Но не злоба на «прежних», «наших» мучила Достоевского в те два дня, когда после приговора он готовился к отправке в Сибирь. Сводила с ума лишь одна мысль: «Неужели никогда я не возьму пера в руки?.. Боже мой! Сколько образов, выжитых, созданных мною вновь, погибнет, угаснет в моей голове или отравой в крови разольется! Да, если нельзя будет писать, я погибну. Лучше пятнадцать лет заключения и перо в руках».

В день отъезда, 24 декабря, ему разрешили попрощаться с братом. Одетый по-дорожному, в полушубок и валенки, Ф. М. был приведен в комендантский дом. Он искренне радовался, что брат не пострадал и находится рядом со своим семейством. Mich-Mich, а с ним и Милюков (он оставит воспоминания об этом свидании) не услышали ни слова жалобы — напротив, узник тепло отзывался о коменданте крепости, который чем мог облегчал положение арестантов. Ни слова не было сказано о строгости суда или о суровости приговора. У Михаила в глазах стояли слезы, дрожали губы, а младший брат, каторжник, утешал его: «И в каторге не звери, а люди, может, еще и лучше меня... Выйду из каторги — писать начну. В эти месяцы я много пережил, в себе-то самом много пережил, а там впереди-то что увижу и переживу, — будет о чем писать».

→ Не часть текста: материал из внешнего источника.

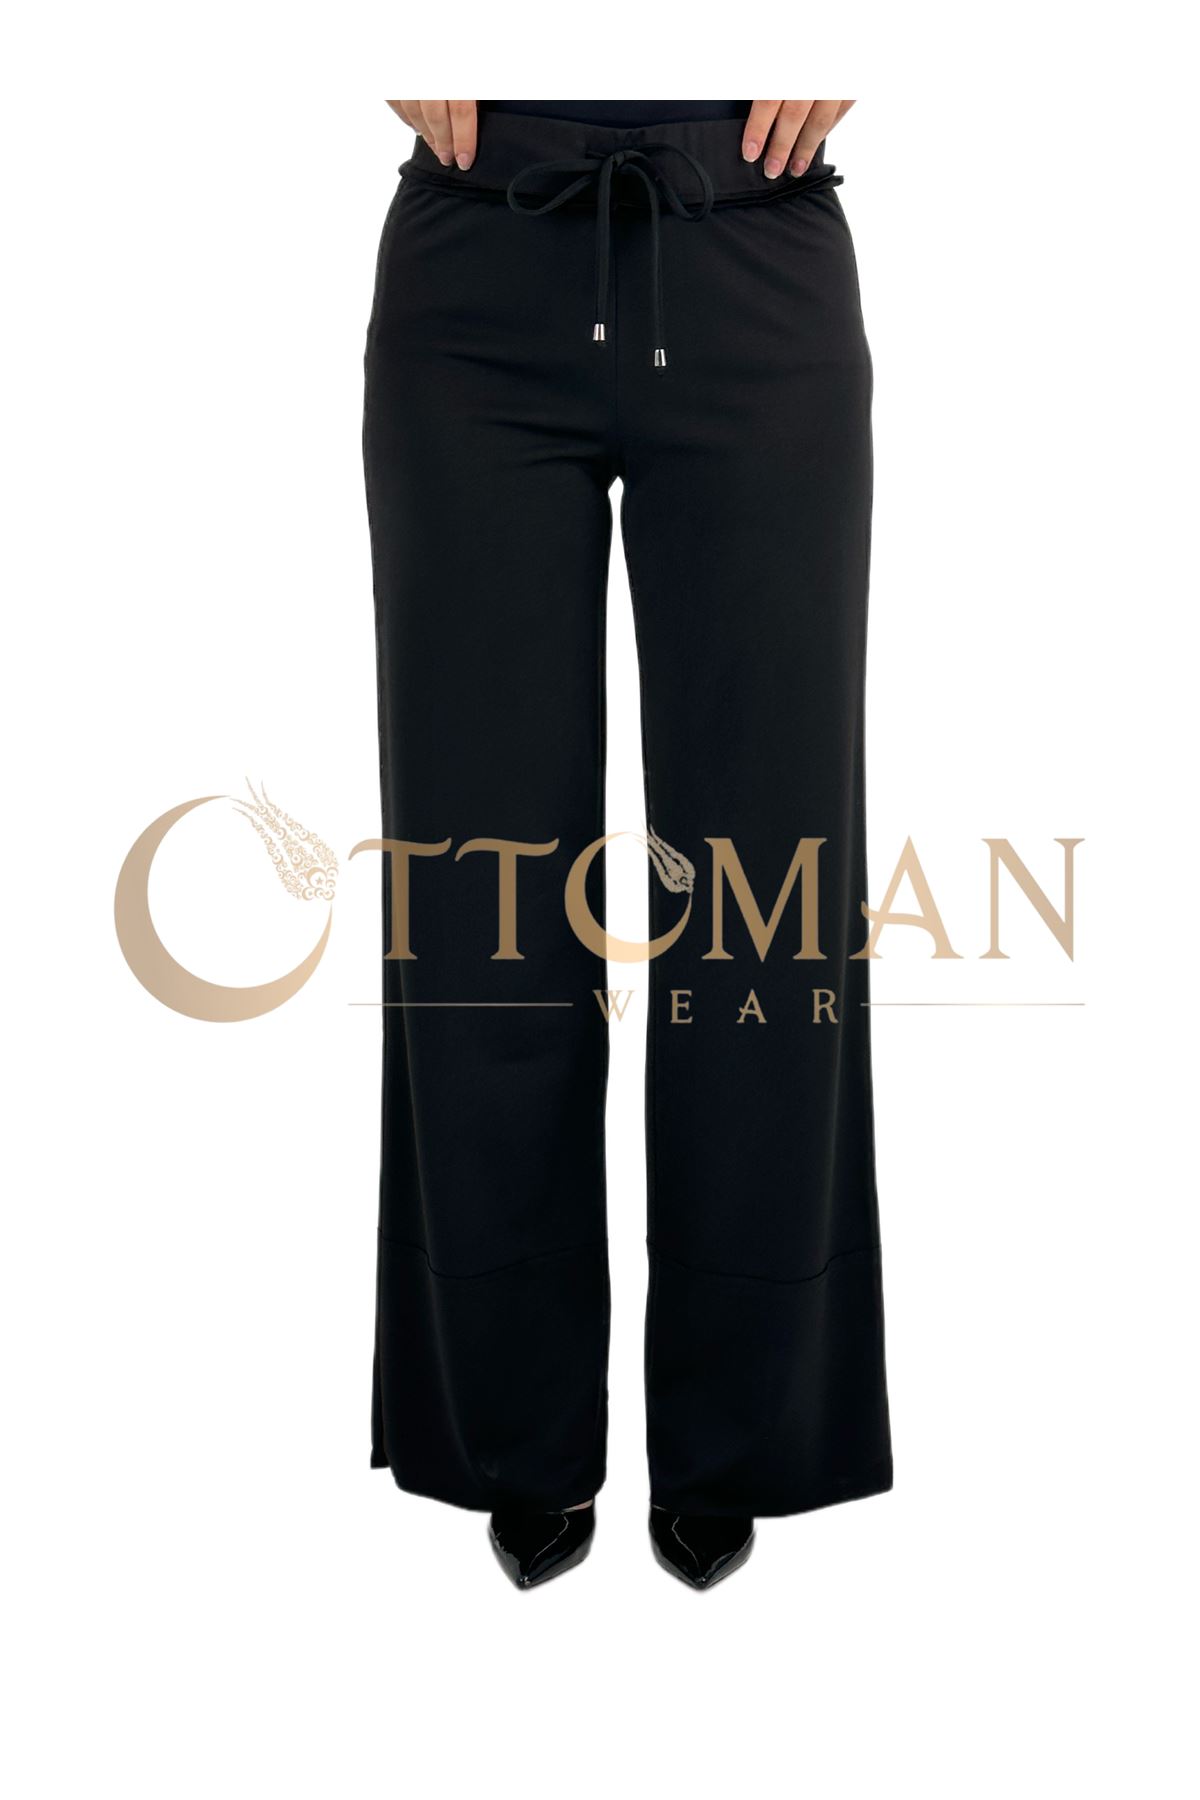 OTW5384 Geniş Örme Pantolon Siyah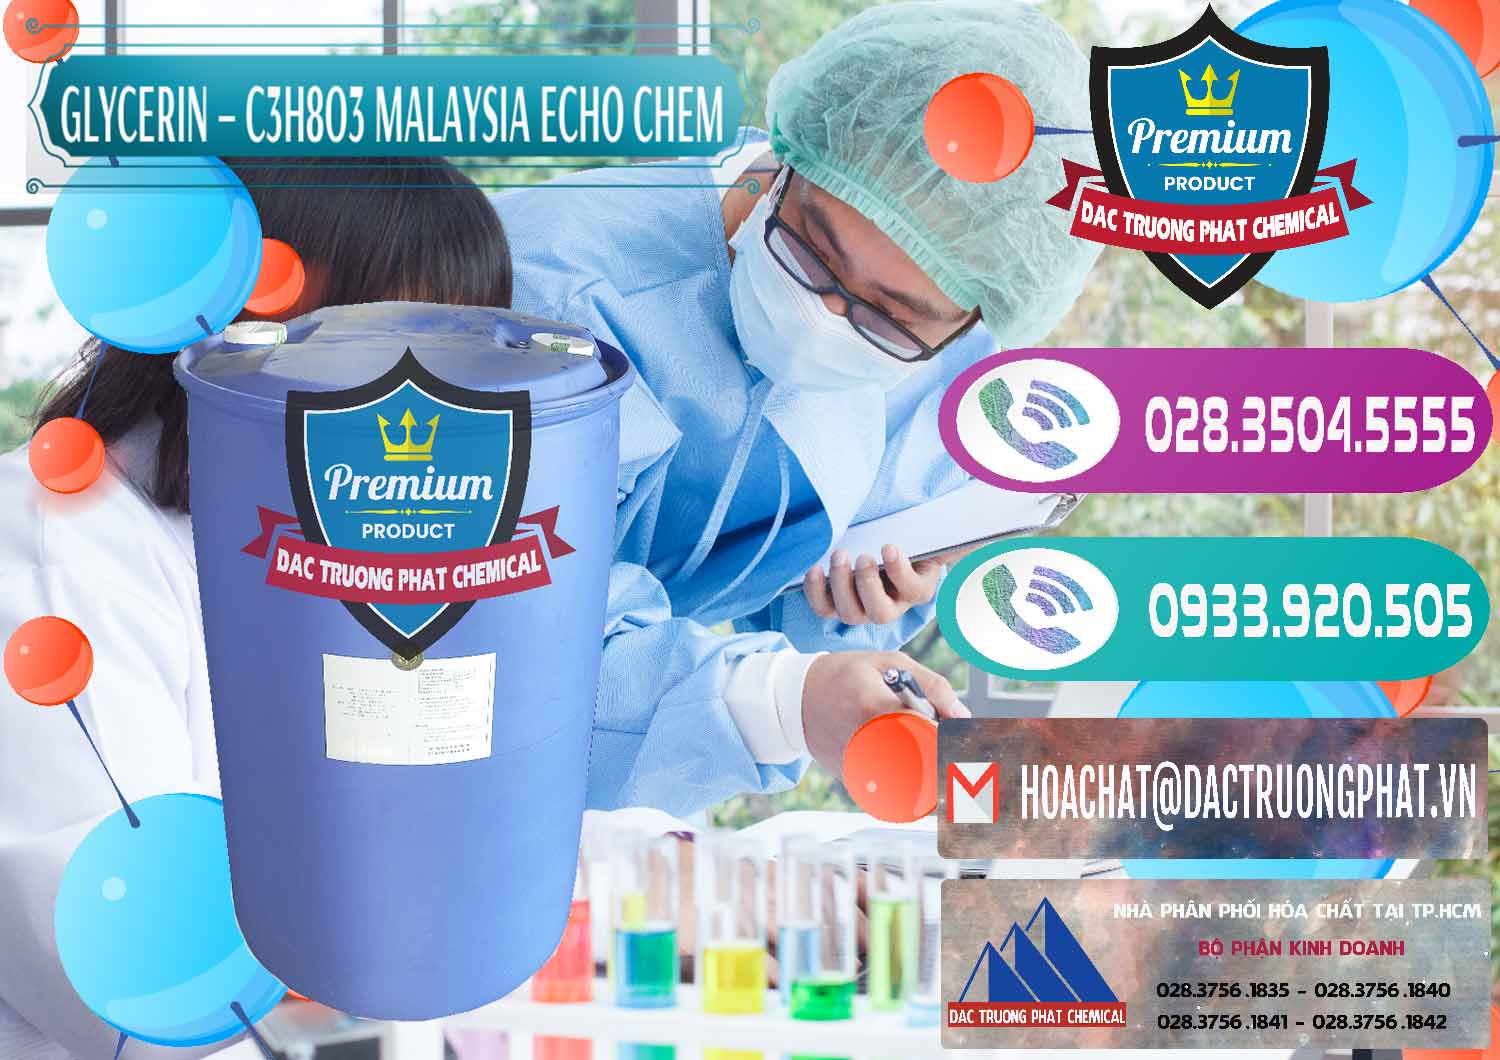 Công ty kinh doanh _ bán Glycerin – C3H8O3 99.7% Echo Chem Malaysia - 0273 - Đơn vị cung ứng và phân phối hóa chất tại TP.HCM - hoachatxulynuoc.com

В страданиях приговоренного к смерти он готов был видеть сюжет для биографии персонажа. В каторжном остроге надеялся обрести темы будущих сочинений, ради которых имело смысл перенести все испытания. Конечно, это была страсть, мономания, род недуга. Но когда эта страсть оказывалась сильнее страданий, судьба вдруг являла к нему дивную благосклонность. И только Михаил был способен понять весь ужас положения: в течение четырех лет его брату, призванному писать, отныне разрешалось только читать.

М. М. Достоевский и Милюков, выйдя из крепости, остановились у тех ворот, откуда должны были выехать осужденные. Милюков запомнил время: на крепостной колокольне куранты проиграли девять вечера, когда в воротах показались ямские сани: арестант в кандалах сидел рядом с жандармом. Все происходило согласно предписанию: «Преступников Дурова, Достоевского и Ястржембского, назначенных к отправлению сего числа вечером в Тобольск, закованными, выдать их назначенному для сопровождения поручику фельдъегерского корпуса Прокофьеву и из списков об арестованных по равелину исключить».

«Прощайте!» — кричали провожающие. «До свидания!» — отвечали им из саней. Сутками ранее из арестантского списка были исключены Спешнев, Толль, Григорьев и Львов. Они, как и вся партия каторжников, были закованы в кандалы и посажены в открытые повозки, каждый отдельно и со своим жандармом; их поезд из Петербурга двинулся на восток тем же маршрутом.

Рождественской ночью Достоевский прощался с празднично освещенным Петербургом. «У меня было тяжело на сердце и как-то смутно, неопределенно от многих разнообразных ощущений. Сердце жило какой-то суетой и потому ныло  и тосковало глухо. Но свежий воздух оживлял меня, и так как обыкновенно перед каждым новым шагом в жизни чувствуешь какую-то живость и бодрость, то я в сущности был очень спокоен».

Он знал, что Эмилия Федоровна, жена Михаила, и их дети отправились на елку к редактору «Отечественных записок».

«У Краевского было большое освещение... И вот у этого дома мне стало жестоко грустно».

ЧАСТЬ ЧЕТВЕРТАЯ

НА АРШИНЕ ПРОСТРАНСТВА

Глава первая

ПУТЕШЕСТВИЕ НА КАЗЕННЫЙ СЧЕТ

Отрезанный ломоть. — Поезд на восток. — Тобольский острог. — Ссыльные старого времени. — Подаренное Евангелие. — Каторжные картины. — Стихия добра. — Тюремный лазарет. — Сибирская тетрадь. — «Волк в западне»

Московская родня Достоевского узнавала о несчастье постепенно; сначала от Андрея Михайловича — в сентябре 1849-го он выехал из Петербурга в Елисаветград, к месту службы, с остановкой в Москве у Карепиных; потом из грустного письма Коли — о том, что брат Федор все еще находится в крепости; наконец из газет, которые сообщили о приговоре по делу Петрашевского.